Les professeurs suisses, accompagnés de leurs étudiants, profitent de ces journées pour illustrer plusieurs points de vue sur le rôle de l'architecture dans le développement d'une culture, sa place dans la mémoire collective et sa participation à forger une identité tant urbaine qu'humaine. Cette démarche participe de la philosophie de l'Ecole de Berne, mais aussi de tout un programme européen qui se penche depuis quelques années sur les interactions entre les cultures occidentales et arabes. C'est l'apport de cet échange, né des colonisations, qui est au centre des débats. Des villes comme Casablanca n'ayant pas vu le jour par hasard, mais sont les fruits de plusieurs visions, émanant de plusieurs sensibilités, qui justement leur donnent leur cachet unique dans le monde. Et Casablanca est aujourd'hui au cœur de l'actualité puisque plusieurs autres écoles européennes et nord-américaines étudient la possibilités de ville résolument moderne mais avec un cachet local particulier et un héritage bien représenté. Et peu de villes arabes peuvent se vanter d'une telle réussite.

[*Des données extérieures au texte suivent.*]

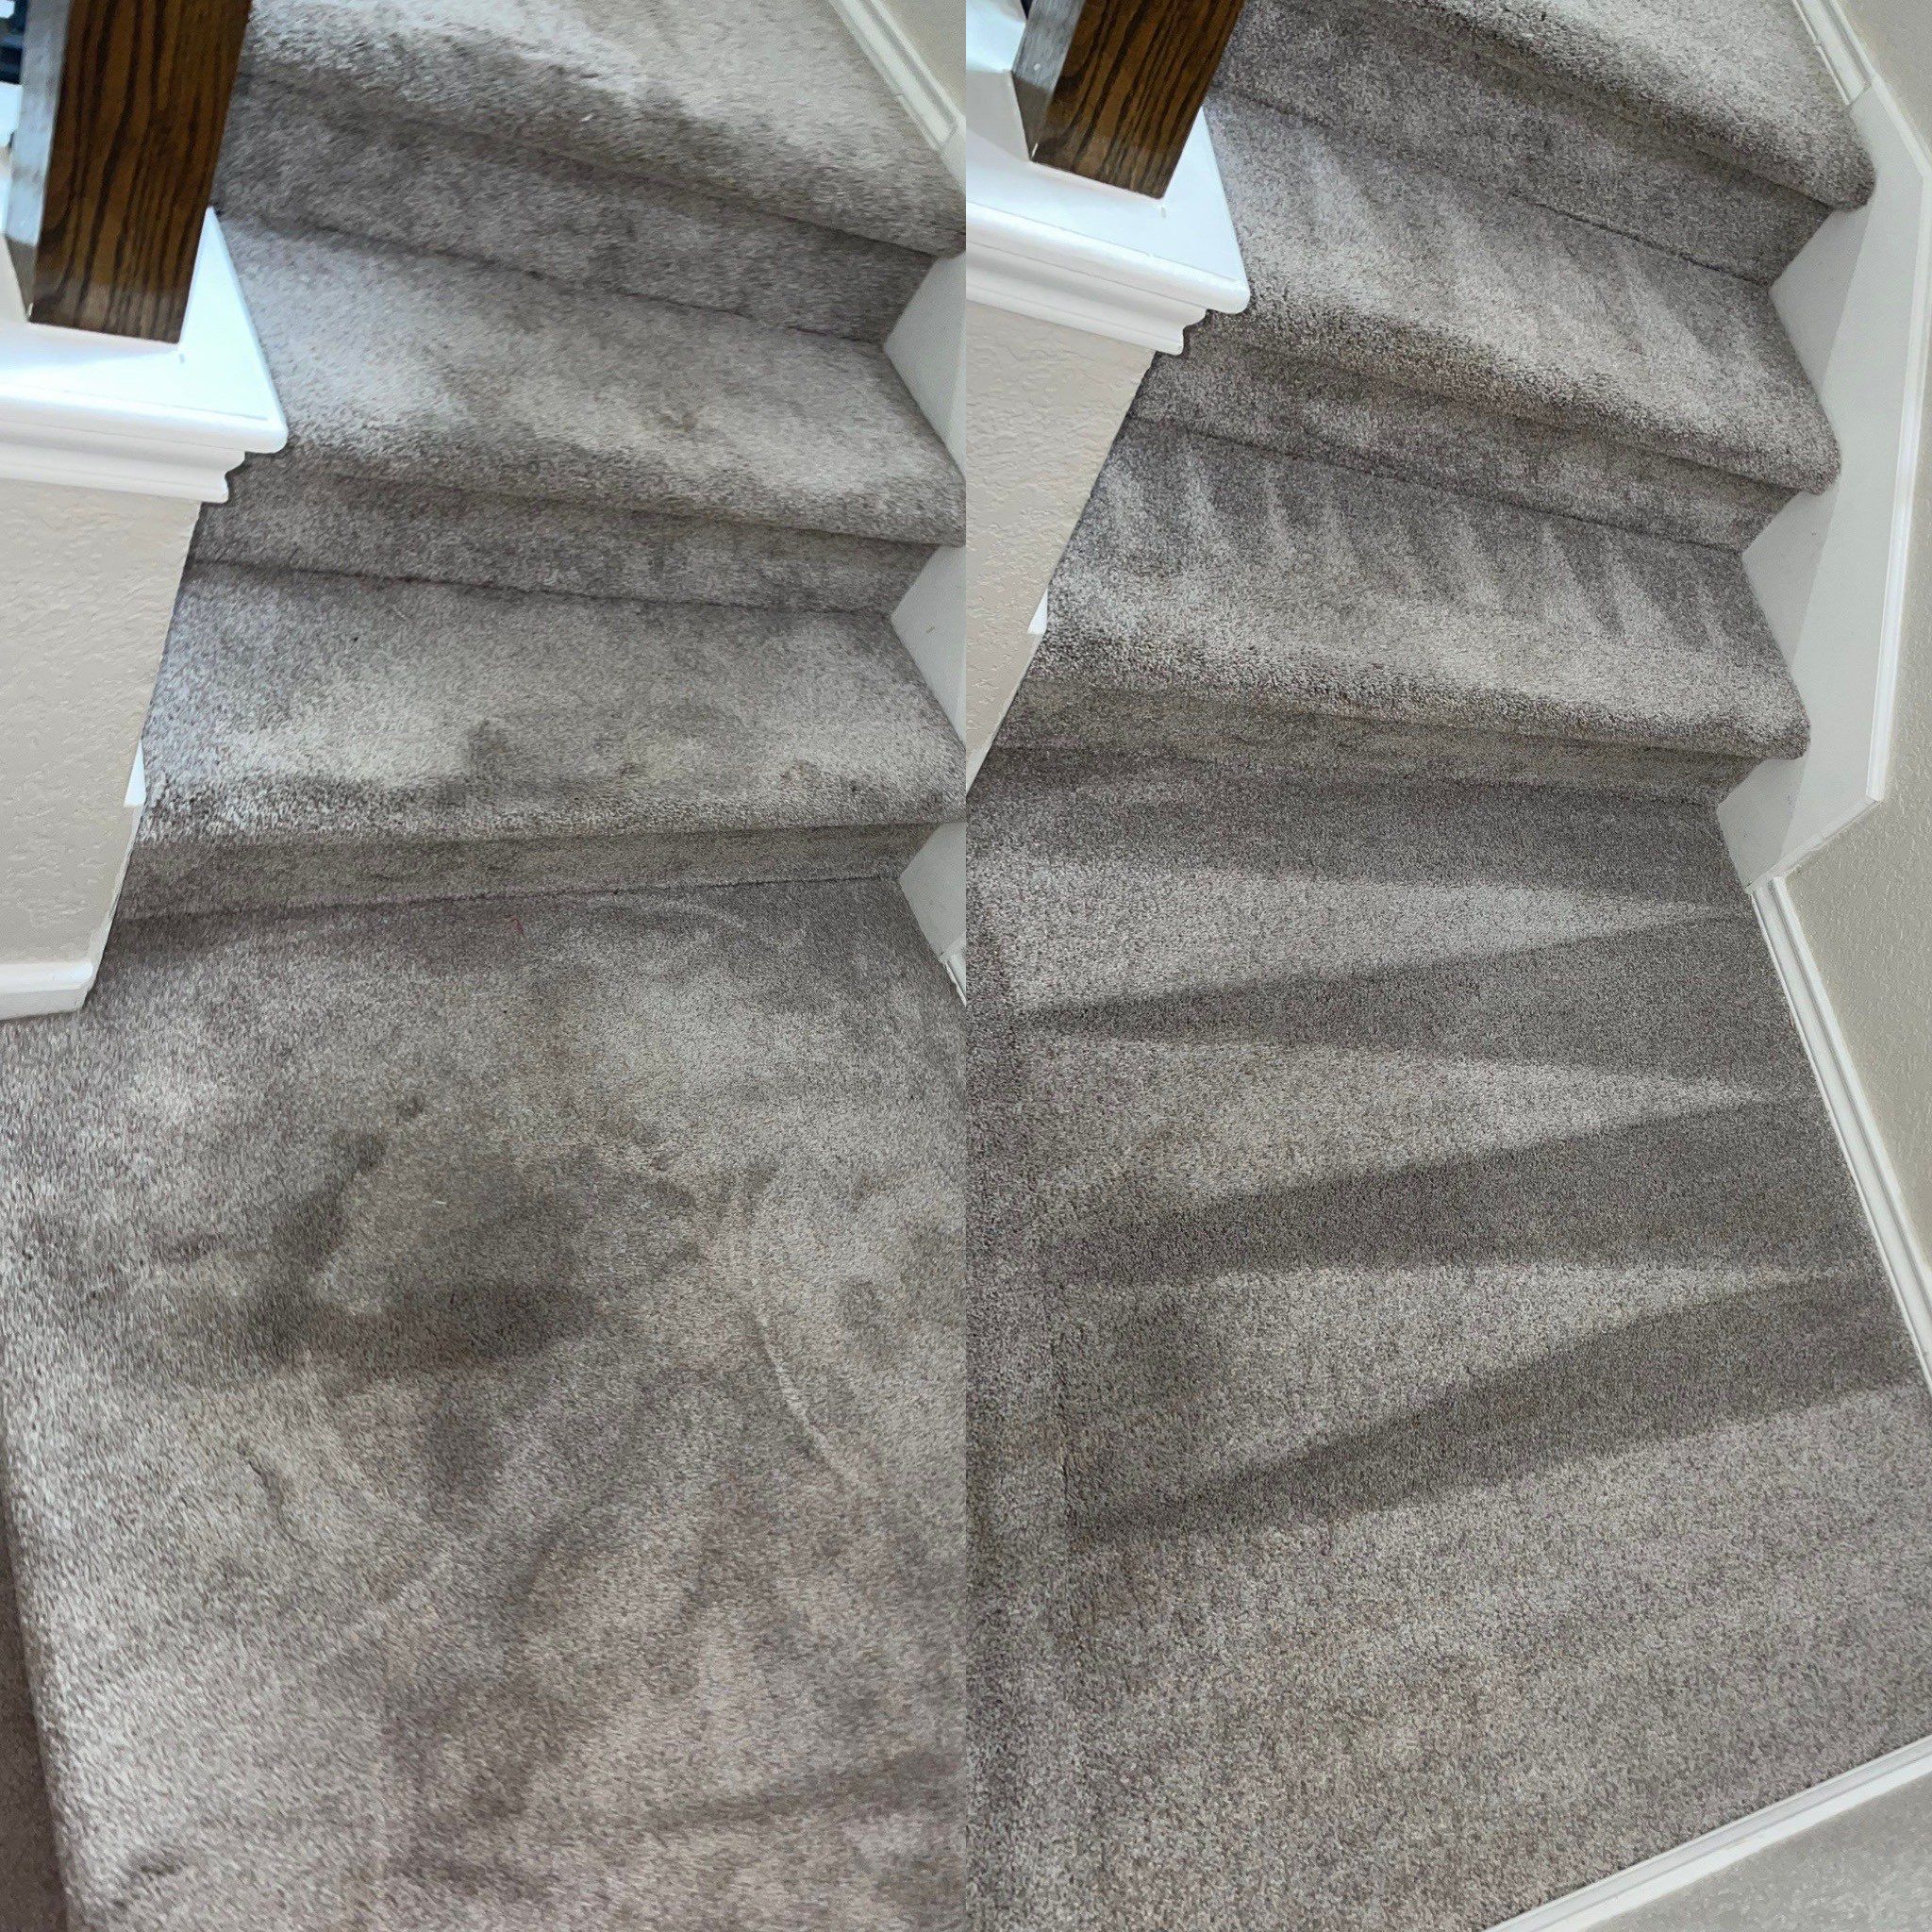 Carpet Cleaning Project in San Antonio TX 78259

Que ce soit Damas, Beyrouth, le Caire ou d'autres villes comme Karachi ou Istanbul, les influences ne sont pas si évidentes comme c'est le cas pour Casablanca. La ville, dans son acception moderne, trouve en Casablanca un chantier de toutes les expérimentations où les plus grands architectes français du XX siècle ont installé une avant-garde que personne ne pouvait oser ni à Paris ni à Berlin.
Cette visite, importante pour la ville, sera suivie par une autre qui regroupe d'autres chercheurs venus des Pays-Bas pour les mêmes motifs : étudier les différents courants urbanistiques de la ville, mettre le doigt sur les styles architecturaux, alerter l'opinion publique sur les dangers de la non-protection du patrimoine architectural et offrir aux étudiants des exemples uniques d'architecture moderne.
Des Belges dans la ville
C'est un groupe de trente (30) personnes, toutes de nationalité belge, qui ont visité la ville de Casablanca le dimanche 15 avril dernier. Une visite organisée par l'Association Casamémoire, qui œuvre pour la protection et la sauvegarde du patrimoine architectural et urbain de la ville. Il était question d'un parcours qui fait presque le tour de tout le centre-ville. Les visiteurs, tous subjugués par la richesse du patrimoine de Casablanca , ont pu sillonner les grandes artères, en s'arrêtant sur quelques symboles typiques du patrimoine du Maroc. Et c'est là, un parcours qui met en évidence à la fois, les plus beaux bâtiments du Boulevard Mohammed V, un véritable concentré architectural de grande facture, les passages comme ceux d'El Glaoui, le Grand Socco, Sumica, Tazi, ainsi que de grands noms d'architectes qui ont donné à la ville ses lettres de Noblesse, d'Albert Laprade, à Marius Boyer en passant par Albert Greslin, Adrien Laforgue, Paul Tournon, Delaporte, Edmond Brion, Hubert Bride et d'autres grandes figures, qui ont fait de Casablanca la ville moderne que l'on connaît aujourd'hui. Pour les organisateurs de ce type de visite, c'est une façon de sensibiliser l'opinion publique internationale, aux richesses dont regorge la ville et surtout, par ricochet, pousser les autorités locales à se tourner vers la préservation de ce patrimoine, qui a perdu beaucoup de ses joyaux. Les visiteurs belges, qui connaissent Casablanca à travers une série de documentaires réalisés sur sa place dans le patrimoine mondial, ont mis l'accent sur deux points majeurs. D'un côté, la diversité des styles architecturaux qui reflètent des sensibilités urbanistiques mis en scène par quelques uns des noms cités plus haut ; d'autre part, ils ont insisté sur l'urgence de sauver d'autres immeubles qui tombent en ruine, de réhabiliter des quartiers entiers qui regorgent d'exemples architecturaux à sauvegarder et surtout la nécessité pour le Maroc d'œuvrer à inscrire le centre-ville au patrimoine universel de l'humanité.